# GIVEN DATA
"""

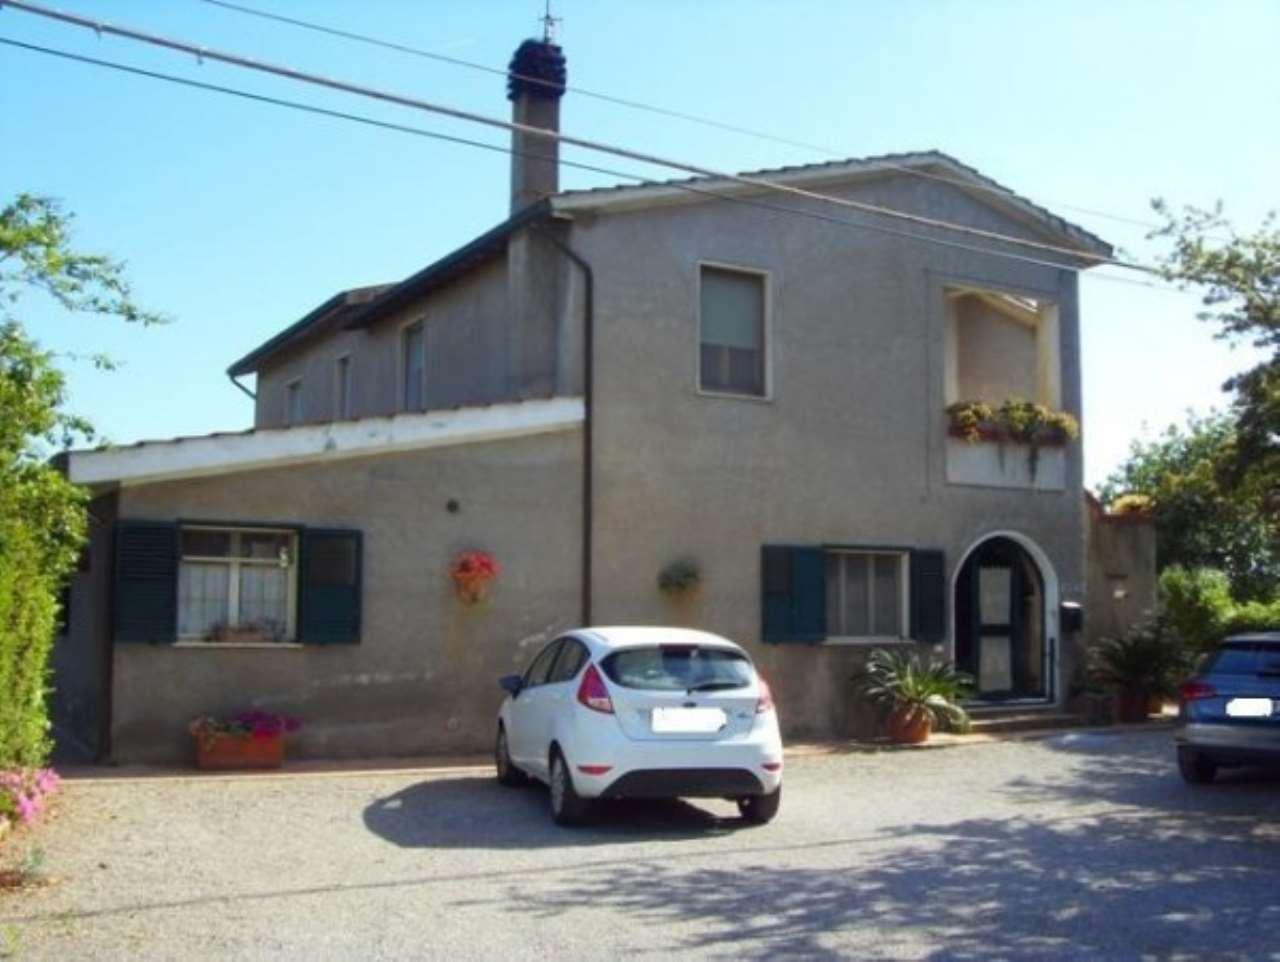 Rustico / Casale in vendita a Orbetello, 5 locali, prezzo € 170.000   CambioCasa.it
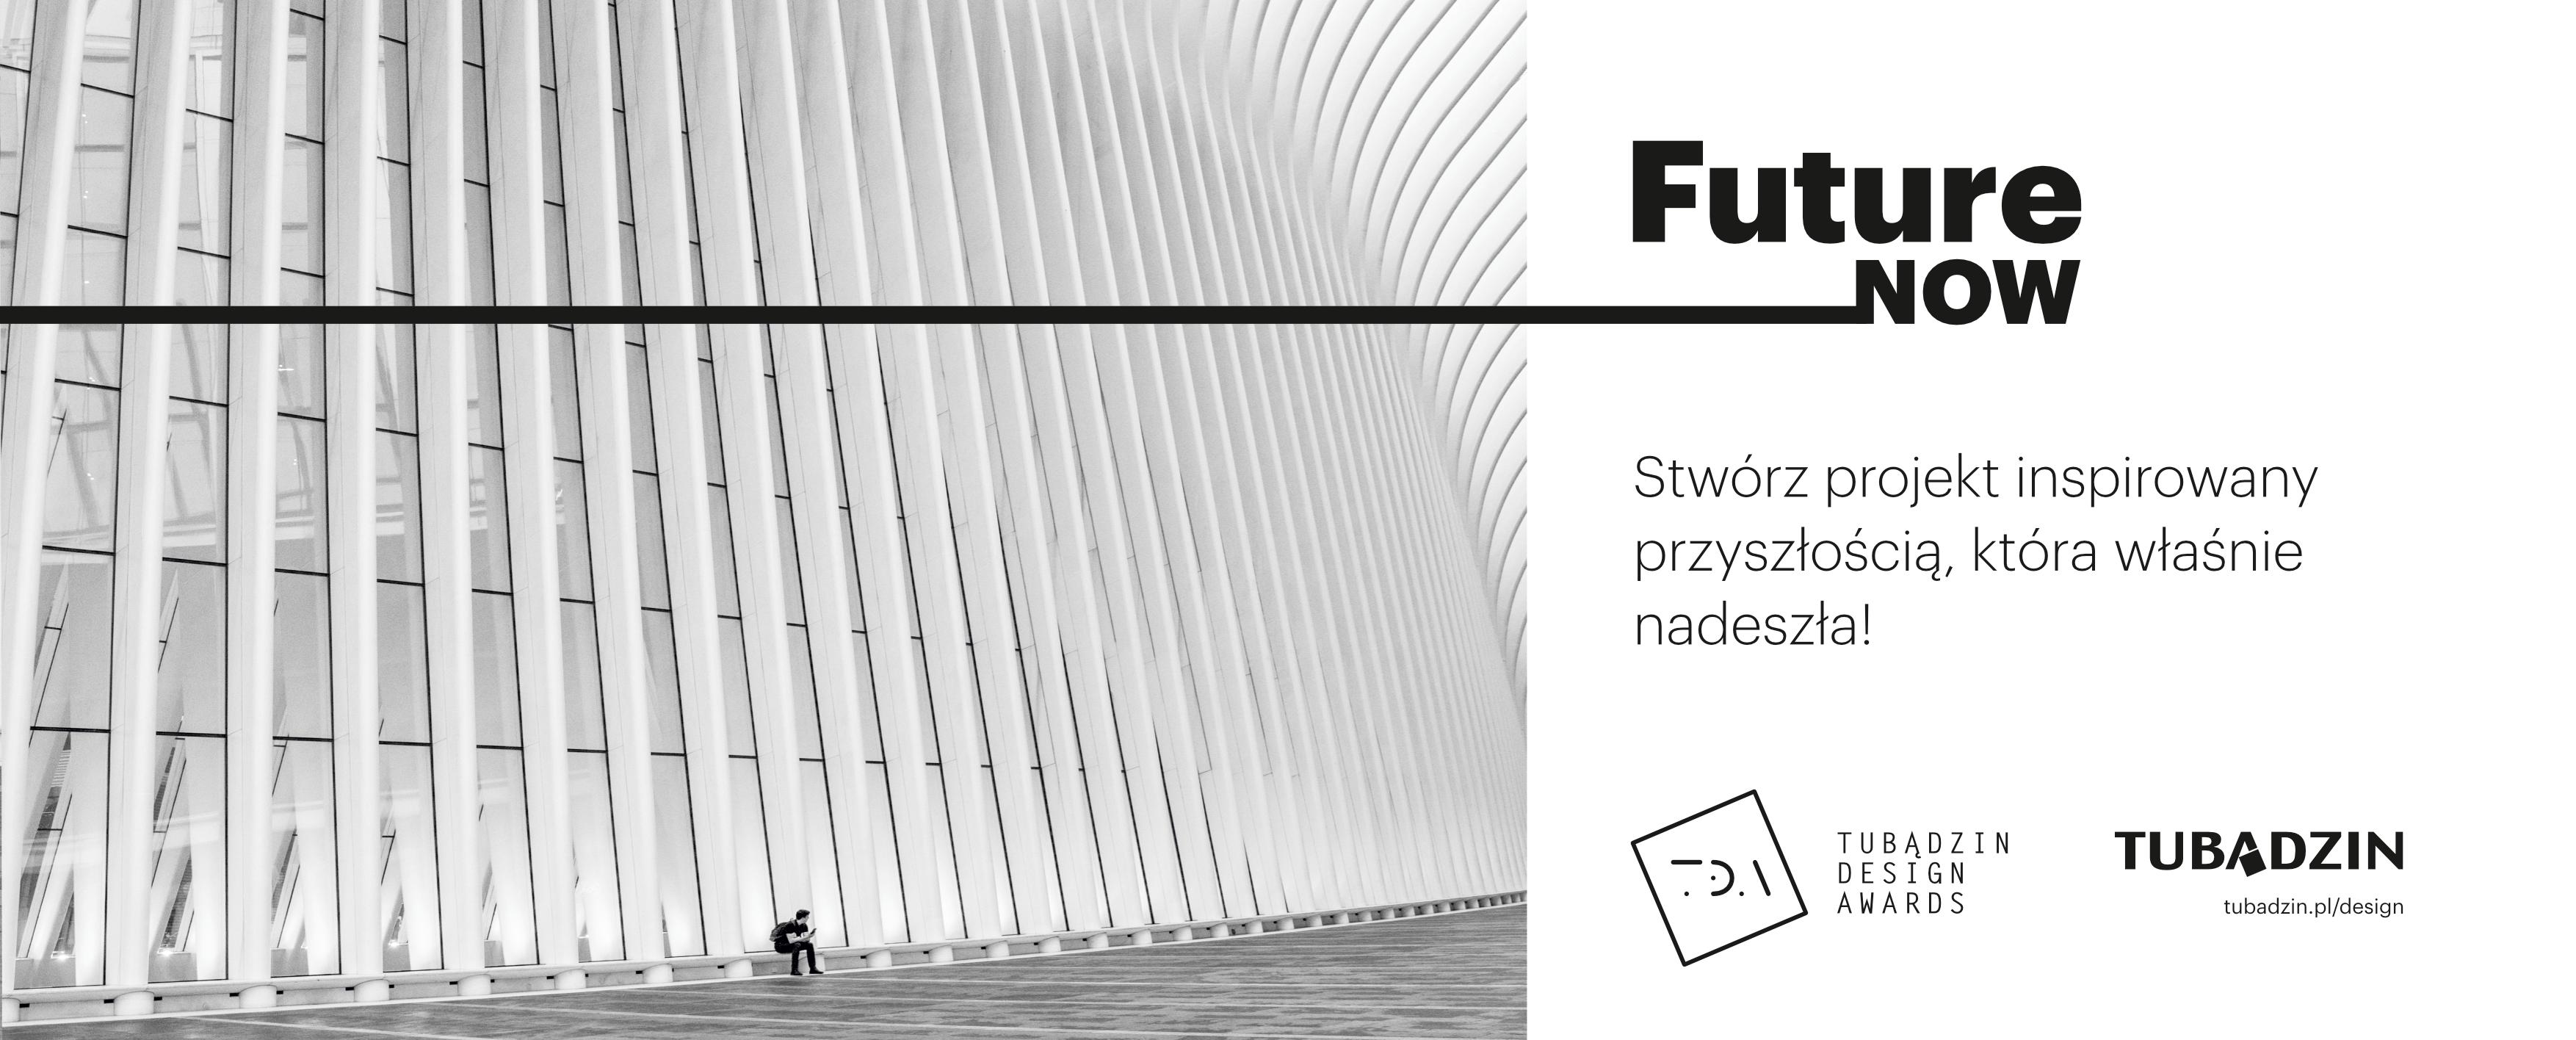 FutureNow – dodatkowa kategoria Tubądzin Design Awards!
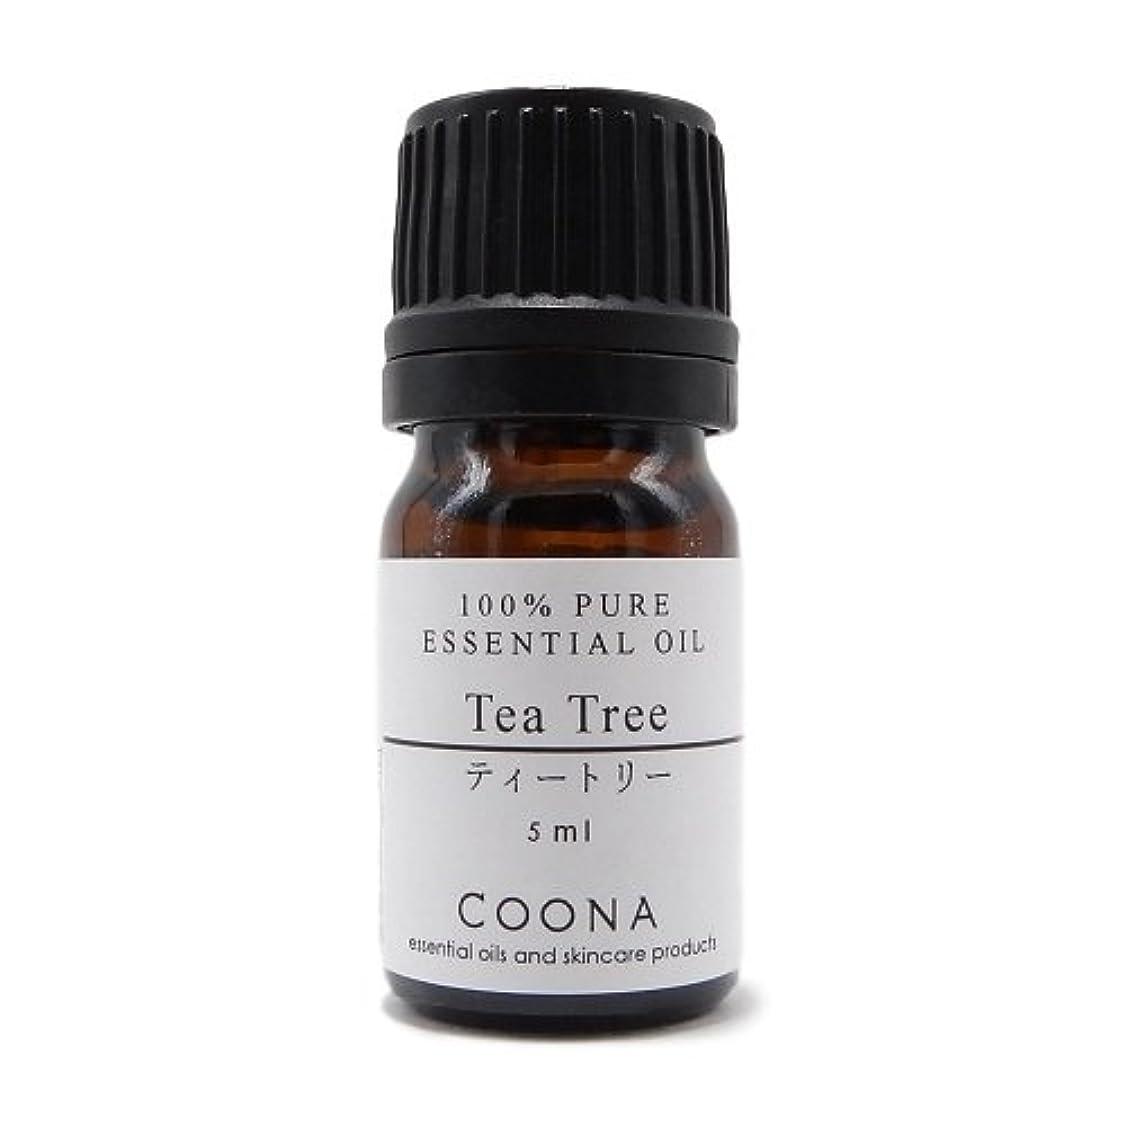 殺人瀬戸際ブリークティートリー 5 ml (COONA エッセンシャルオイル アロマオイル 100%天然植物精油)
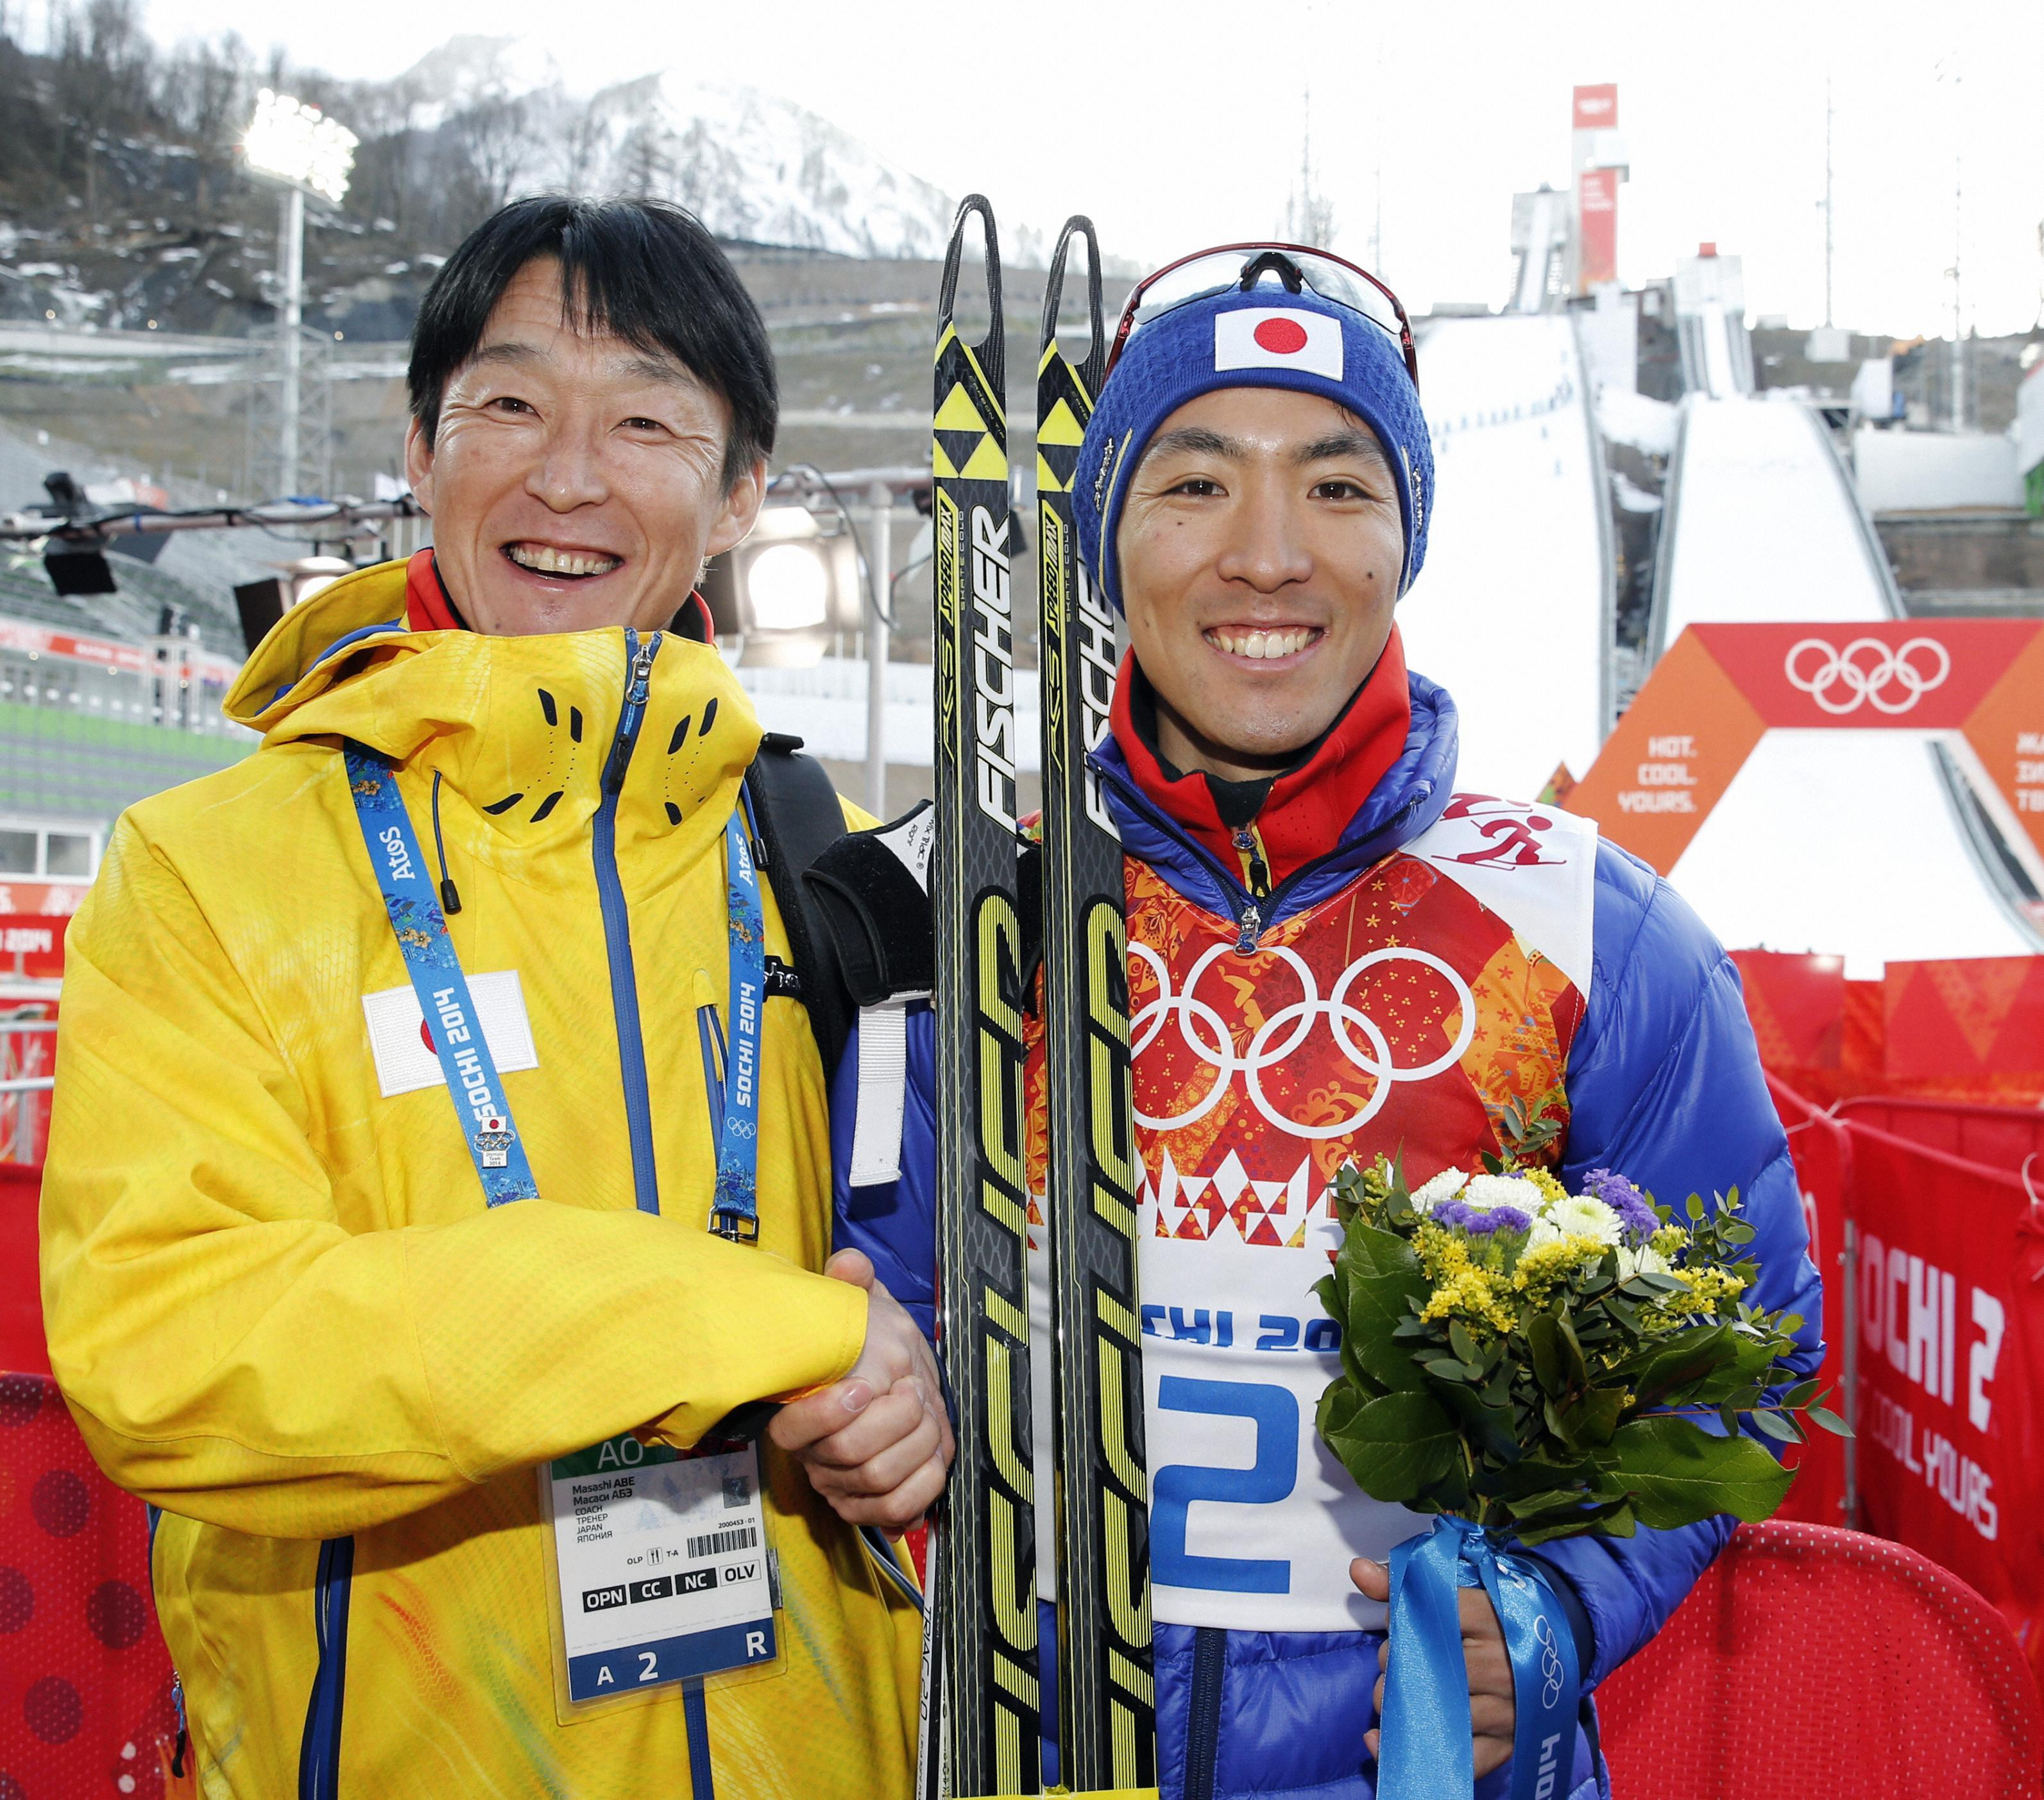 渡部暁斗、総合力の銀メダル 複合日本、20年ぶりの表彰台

"""

# EXERCISE REQUIREMENTS
The line containing "殺人瀬戸際ブリークティートリー 5 ml" and every line after it, through the end of the data, are to be output exactly. Omit the pictures.

# YOUR RESPONSE
 殺人瀬戸際ブリークティートリー 5 ml (COONA エッセンシャルオイル アロマオイル 100%天然植物精油)
 渡部暁斗、総合力の銀メダル 複合日本、20年ぶりの表彰台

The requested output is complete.